• **Assigned task**
Exactly the lines below from the line with "aa64134631bf9 Quay Australia" through the line with "Kayaks on the" must make up the answer, both ends included and pictures left out.
------ Data section ------
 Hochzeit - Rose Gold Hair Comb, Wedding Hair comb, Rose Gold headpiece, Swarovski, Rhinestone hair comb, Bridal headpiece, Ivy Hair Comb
------
------ Data section ------
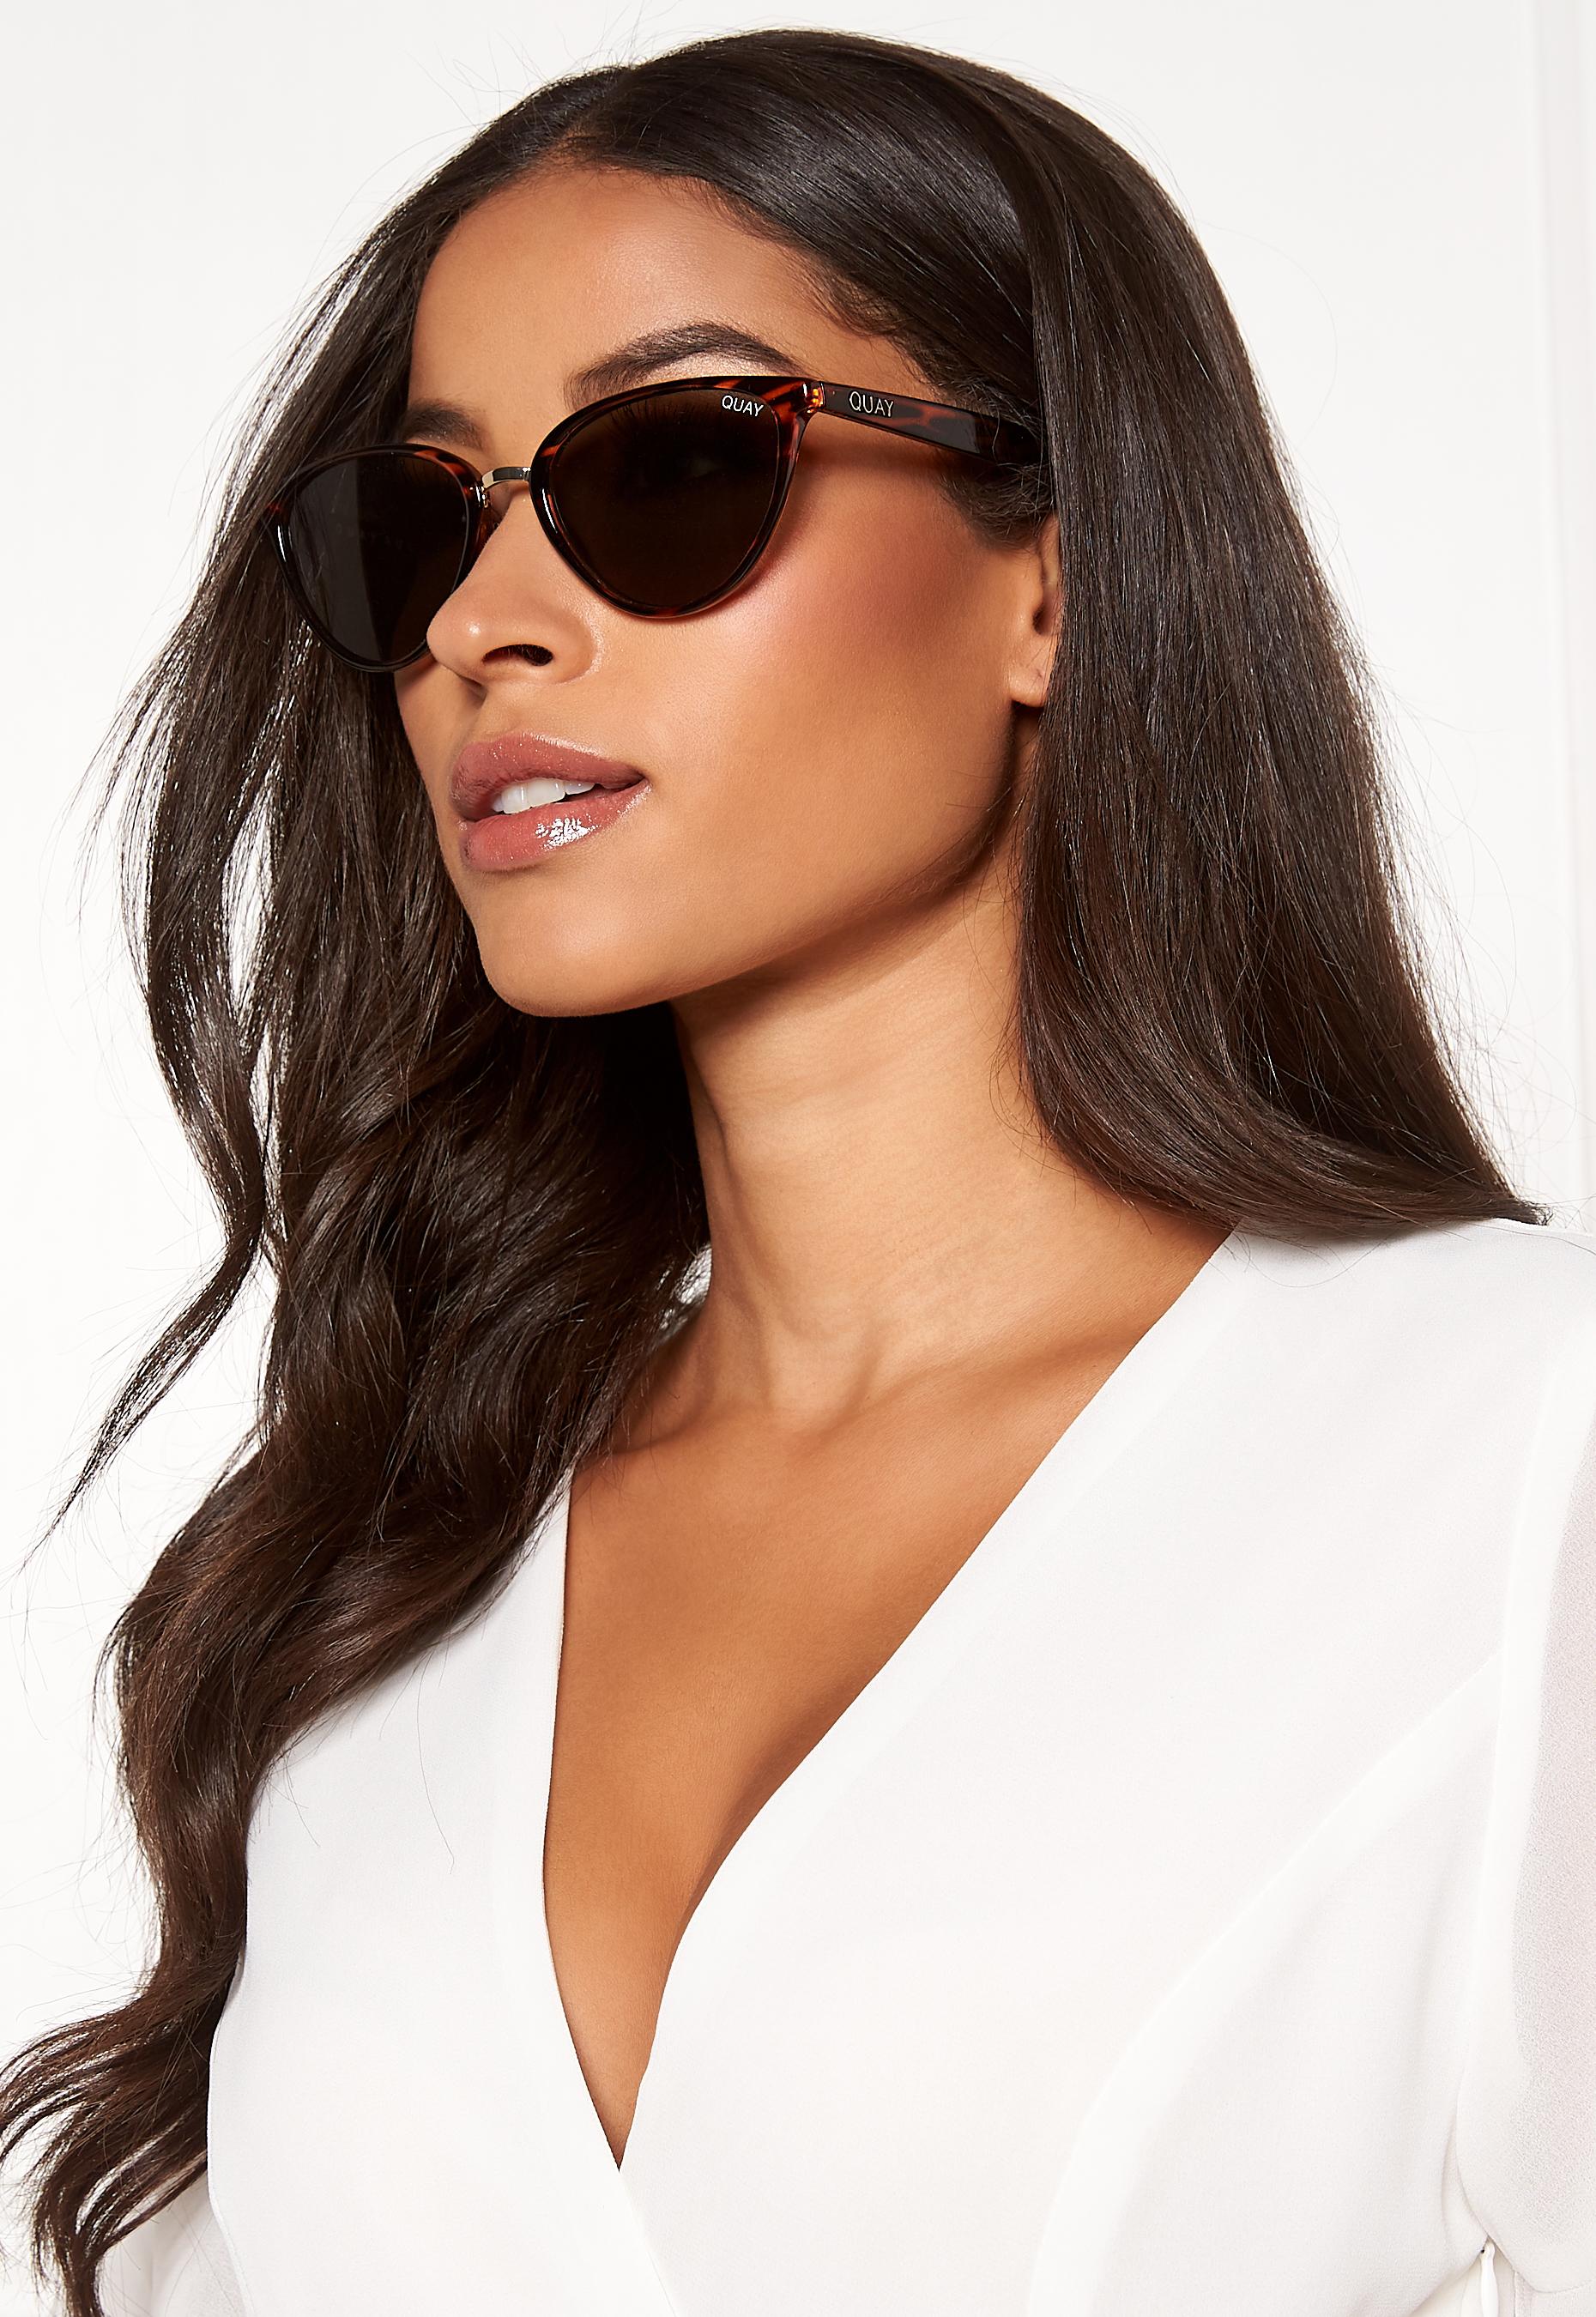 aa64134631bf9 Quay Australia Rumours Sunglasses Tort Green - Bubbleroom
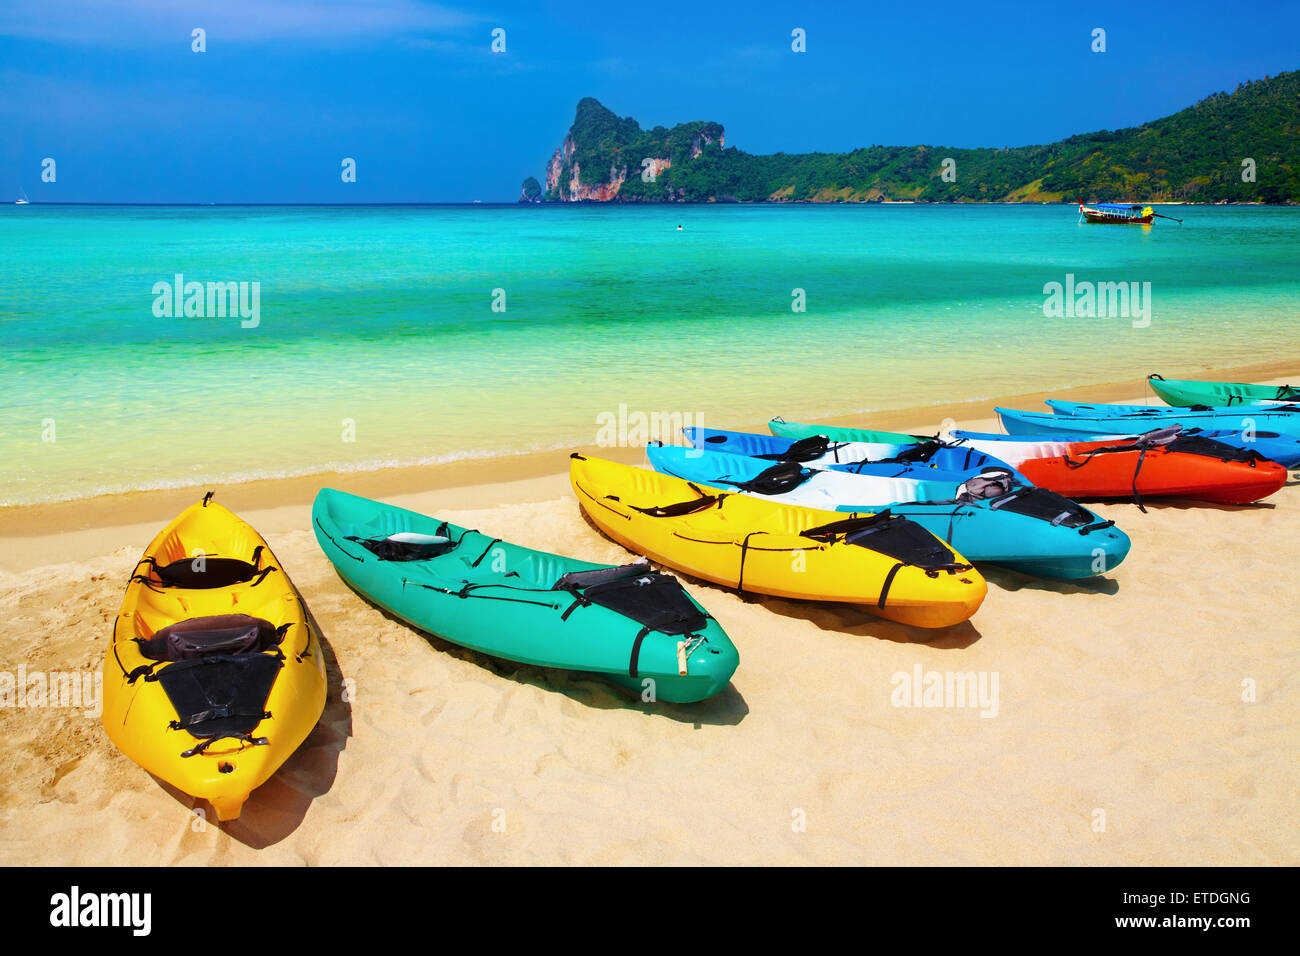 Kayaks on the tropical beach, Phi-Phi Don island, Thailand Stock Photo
------
------ Data section ------
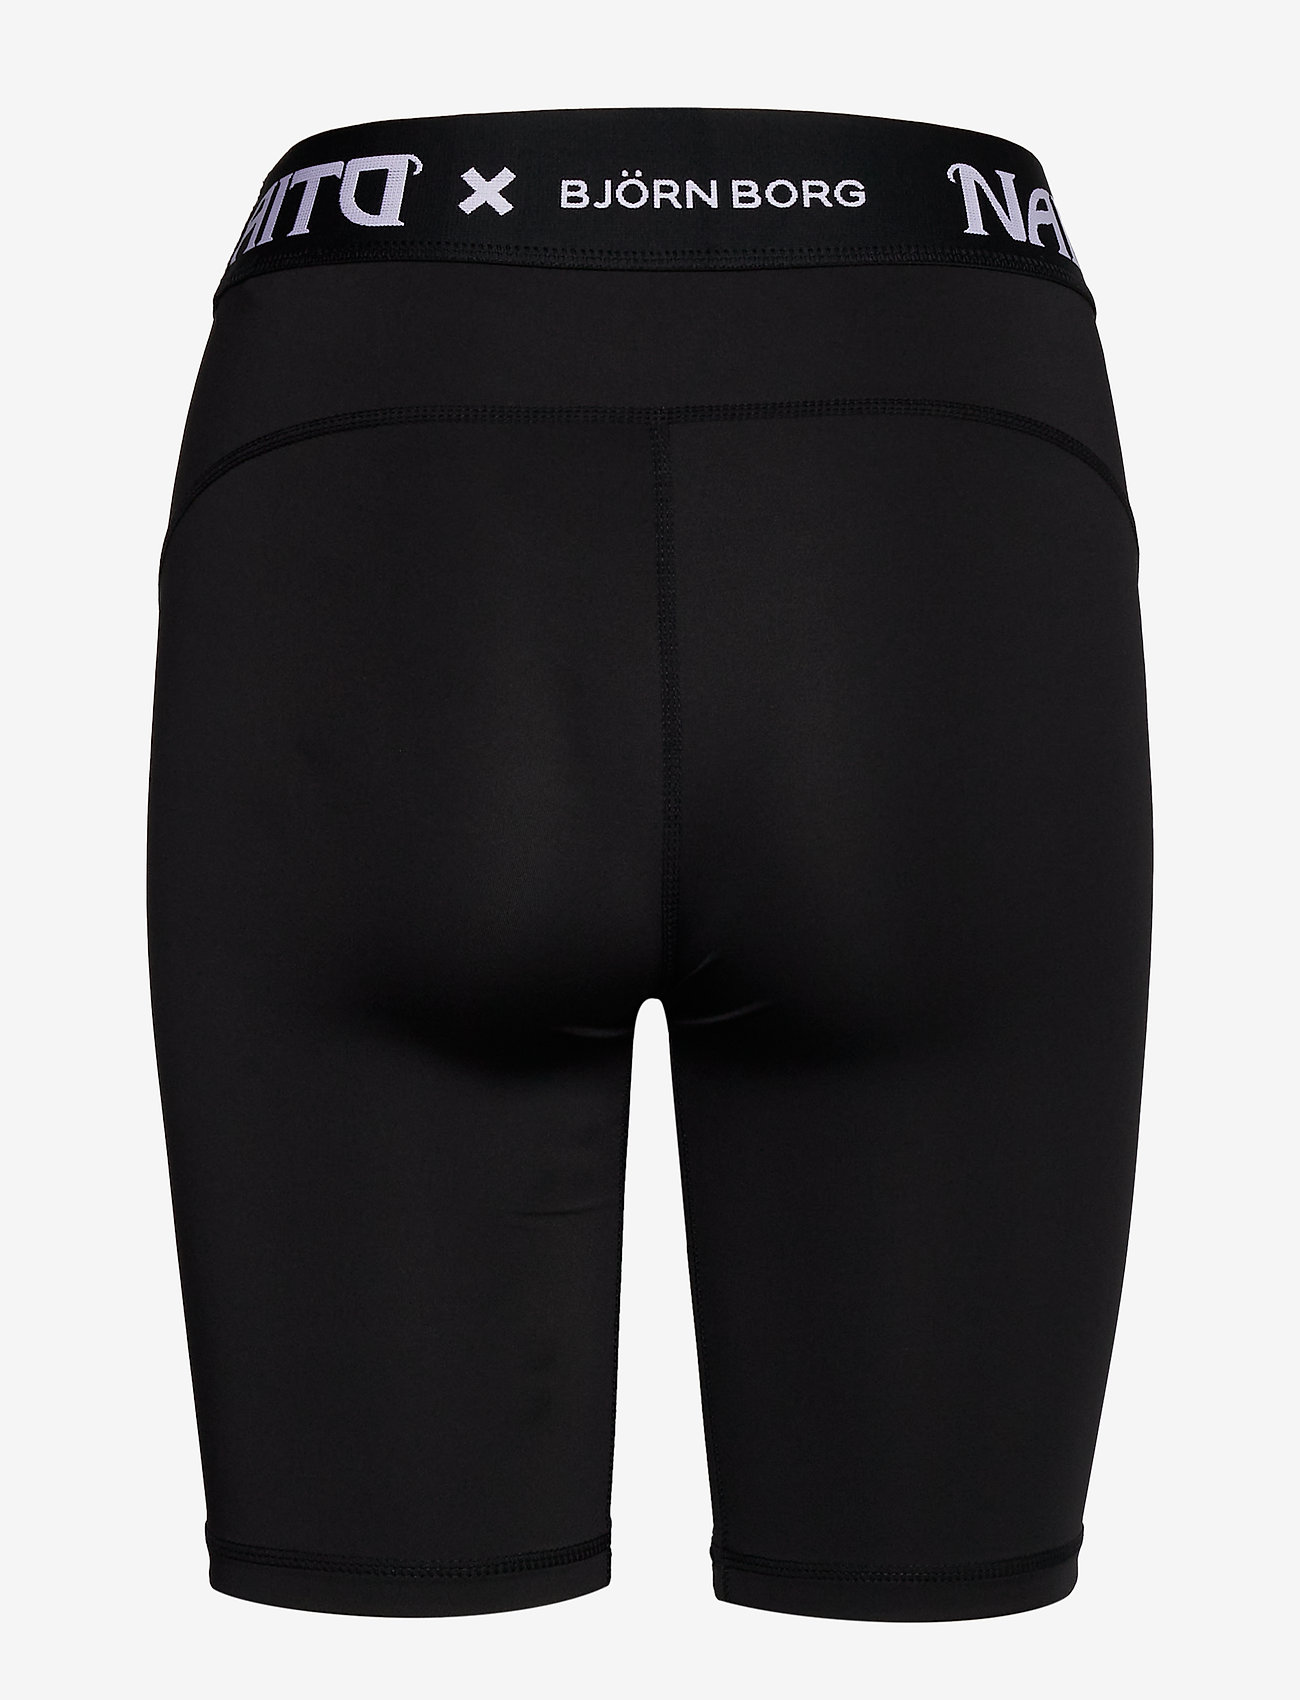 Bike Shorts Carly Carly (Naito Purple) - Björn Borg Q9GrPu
------
• **Task result**
 aa64134631bf9 Quay Australia Rumours Sunglasses Tort Green - Bubbleroom
 Kayaks on the tropical beach, Phi-Phi Don island, Thailand Stock Photo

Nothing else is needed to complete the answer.